Challenges with running Postgres on Kubernetes
Abe: If someone wants to run Postgres or a similar database on Kubernetes where should they start?
Sasha: It’s really hard to do. The hardest thing in running Postgres on Kubernetes is to understand that Kubernetes is not aware of the deployment details of Postgres. A naive deployment could lead to complete data loss.
Kubernetes is not aware of the deployment details of Postgres. A naive deployment could lead to complete data loss.
Here’s a typical scenario when that happens. You set up streaming replication and let’s say the first master is up. All the writes go there and they asynchronously replicate to the standby. Then suddenly the current master goes down but the asynchronous replication has a huge lag caused by something like a network partition. If the naive failover leader election algorithm kicks in or the administrator who doesn’t know the state manually triggers failover, the secondary becomes the master. That becomes the source of truth. All of the data during that period is lost because all of the writes that were not replicated disappear. Whenever the admin recovers the first master it’s no longer the master any more and it has to completely sync the state from the second node which is now the master.
Abe: Have you seen this? Seen this with clusters you support at Gravitational?
Sasha: Yeah, that was a real data loss pattern we saw with asynchronous replication that caused loss.
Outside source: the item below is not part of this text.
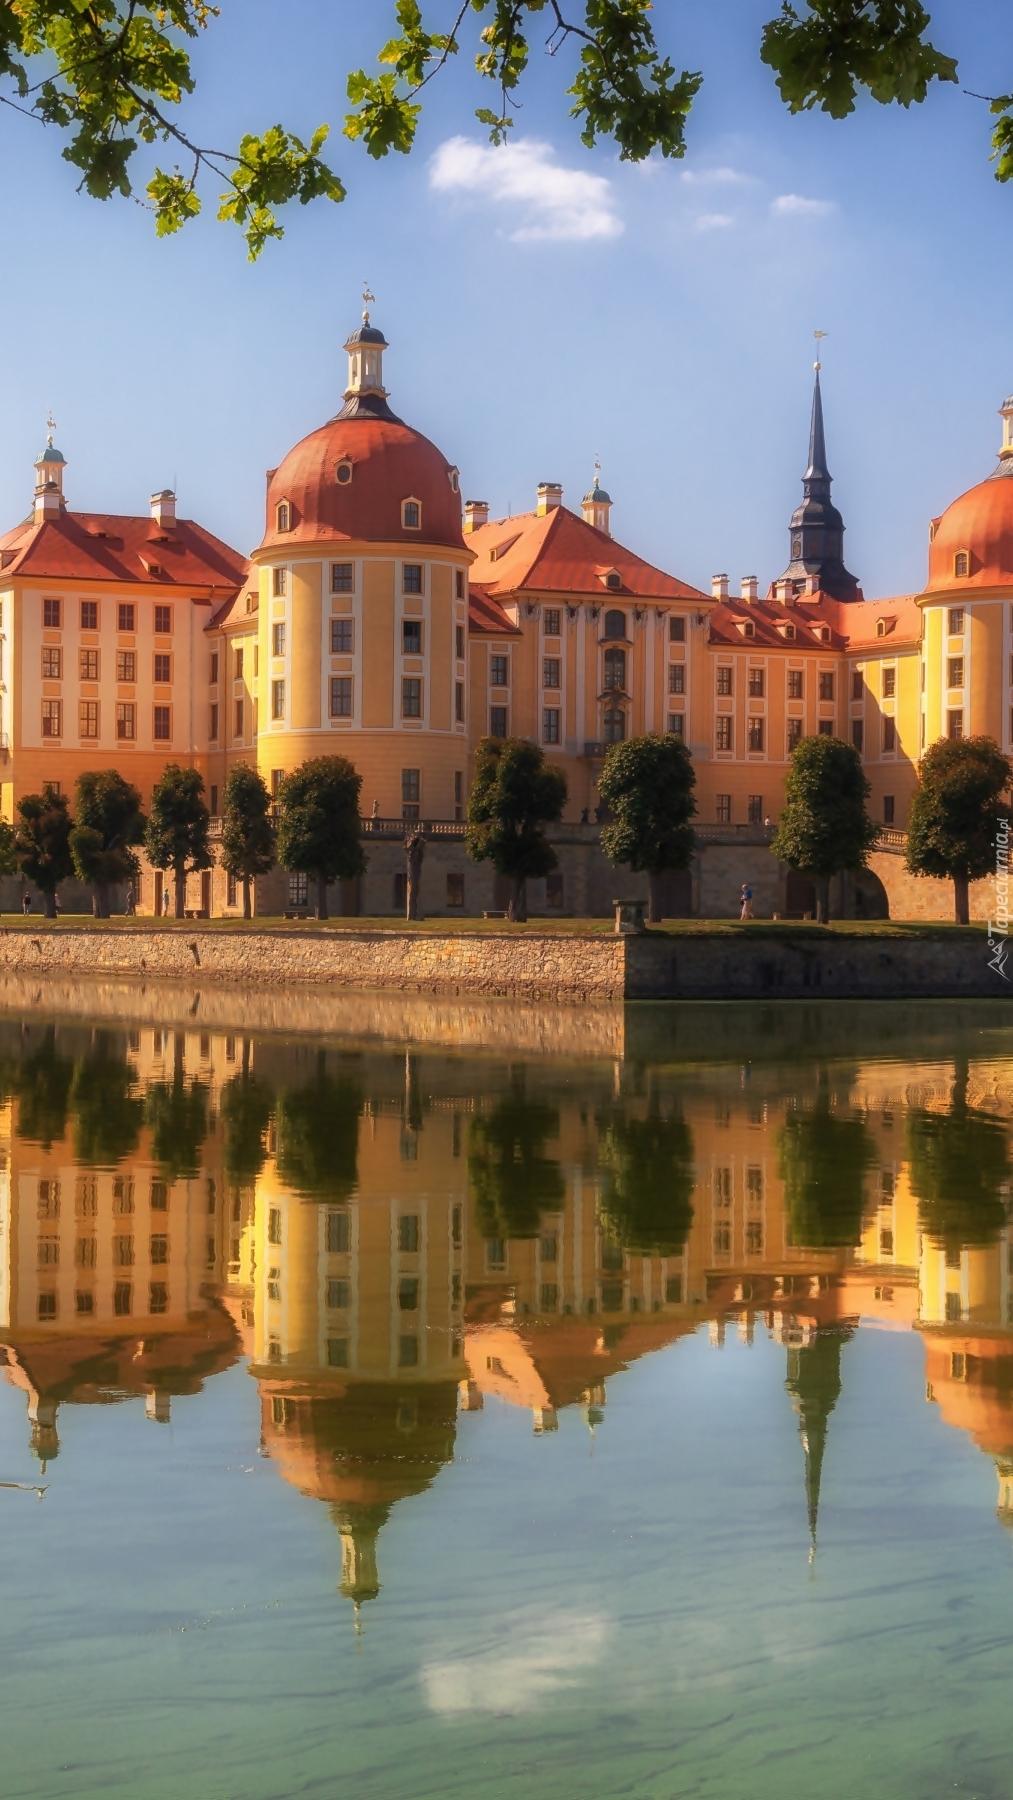 Pałac Moritzburg w Saksonii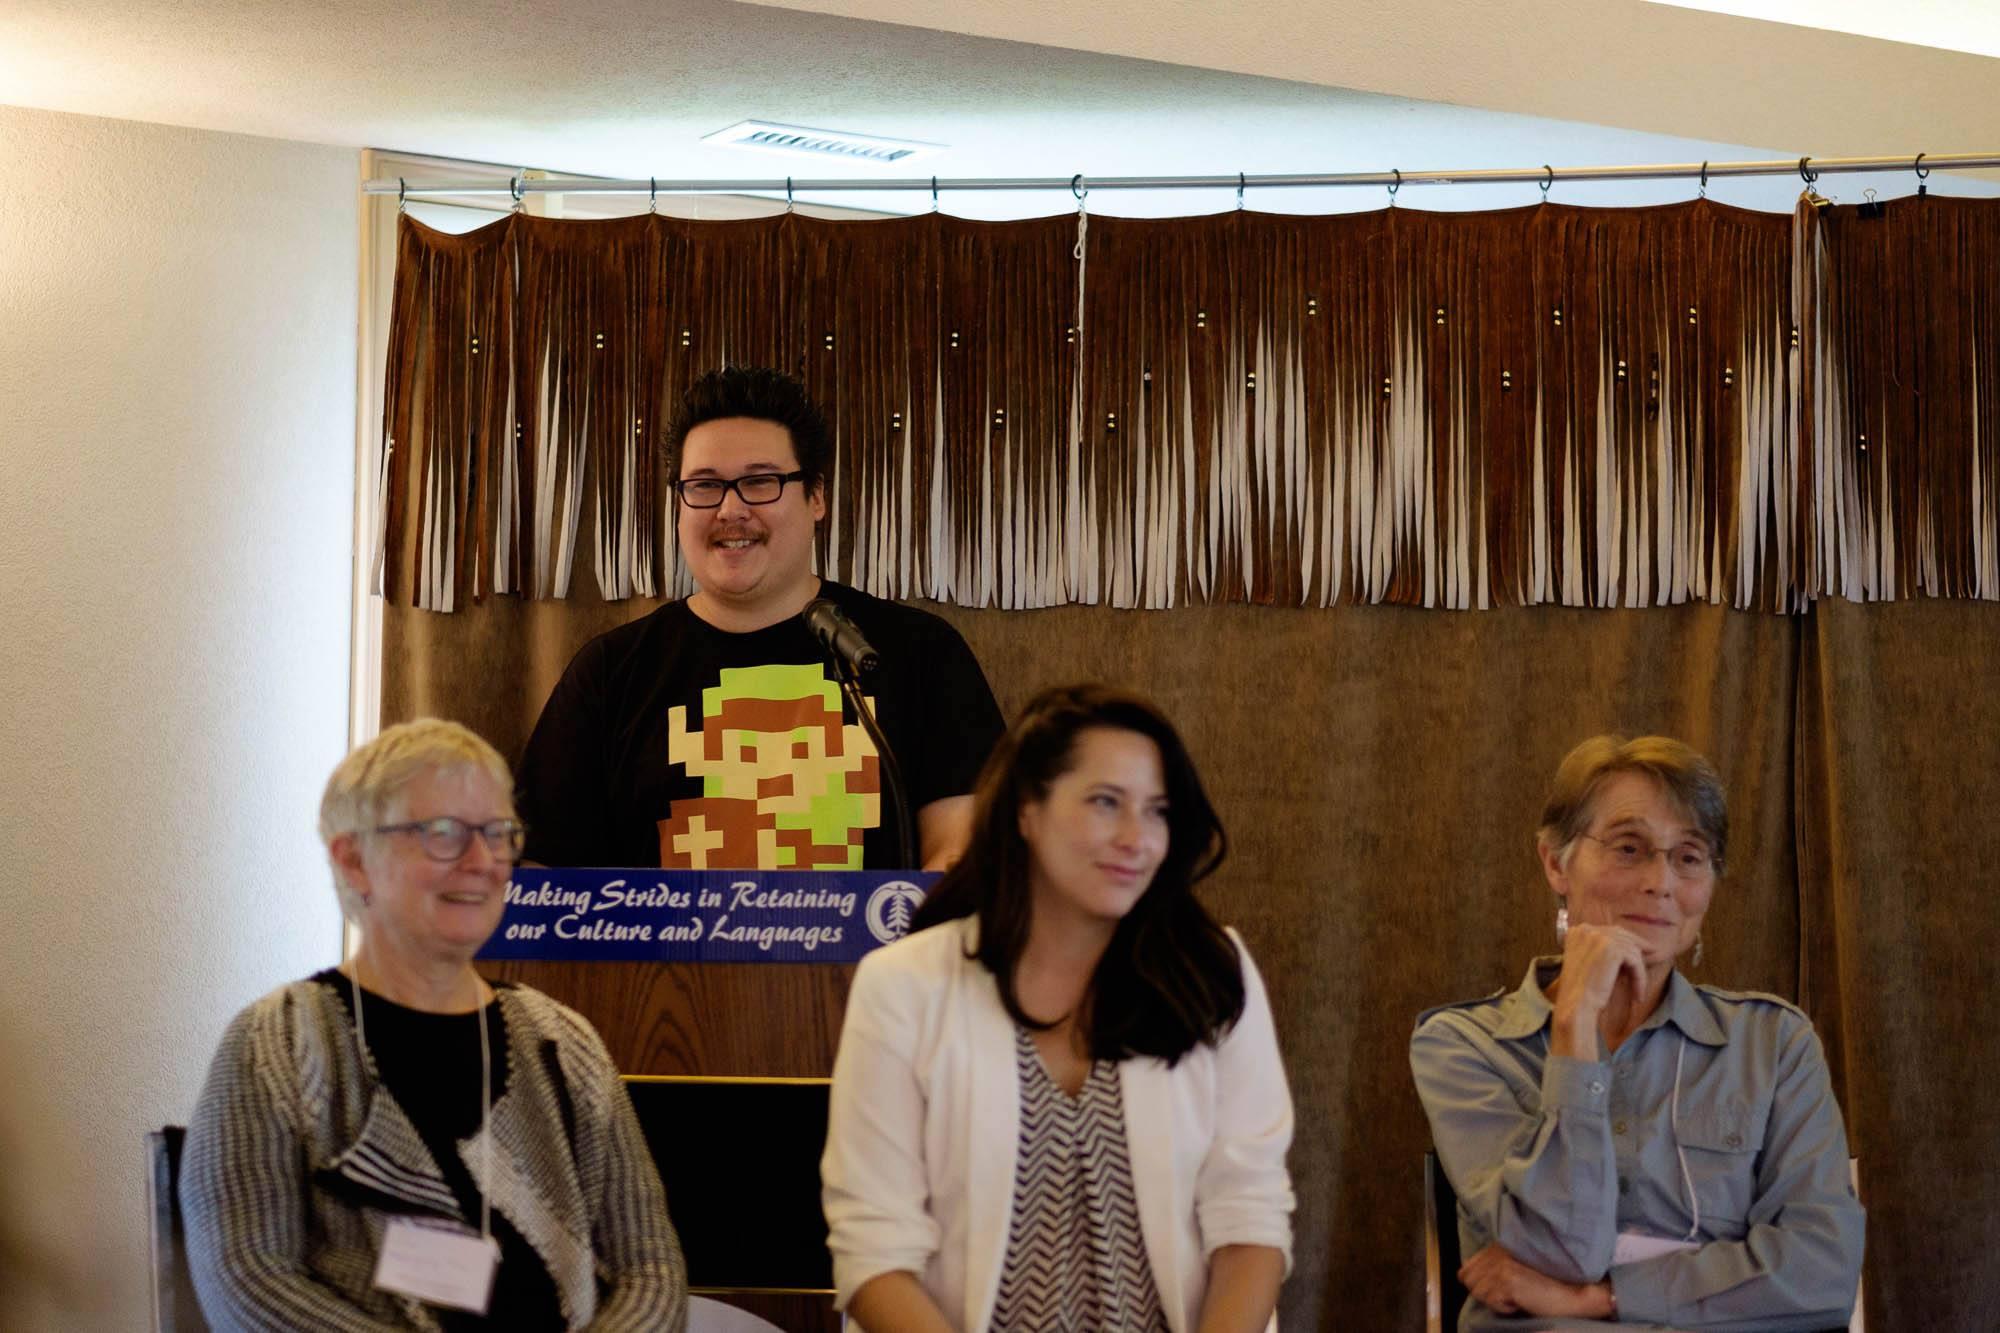 SFU and ubc scholars: jordan abel, margery fee, dory nason, and carole gerson

Sasha: Asynchronous replication sends operations to the followers / standby nodes. Those modifications could be changes to the state, writes, or creating new values. Whenever a chunk of this data is lost there should be a mechanism that tells the receiving node that its data is out of sync. In Postgres, there is a mechanism that helps to track replication lag. But there’s no authority that analyzes this data that is built into Postgres, yet, that will help whoever is doing leader election to complete it.
Kubernetes, makes it deceptively easy to implement basic failover and leader election.
The Citus Data team, by the way, handles replication correctly in their integration of Kubernetes with Postgres. They track replication state and replication lag - they have it all built in. But, if you are DIY, whoever builds Kubernetes deployments with failover should keep this in mind. Kubernetes, makes it deceptively easy to implement basic failover and leader election. For example, a user can create a deployment with replication factor of one and that’s your leader election.
Using Kubernetes StatefulSets for Native High Availability
Abe: What about Kubernetes StatefulSets? If you’re coming in just needing a simple non-HA deployment, is it fair to think, “oh I could use StatefulSets to do this?”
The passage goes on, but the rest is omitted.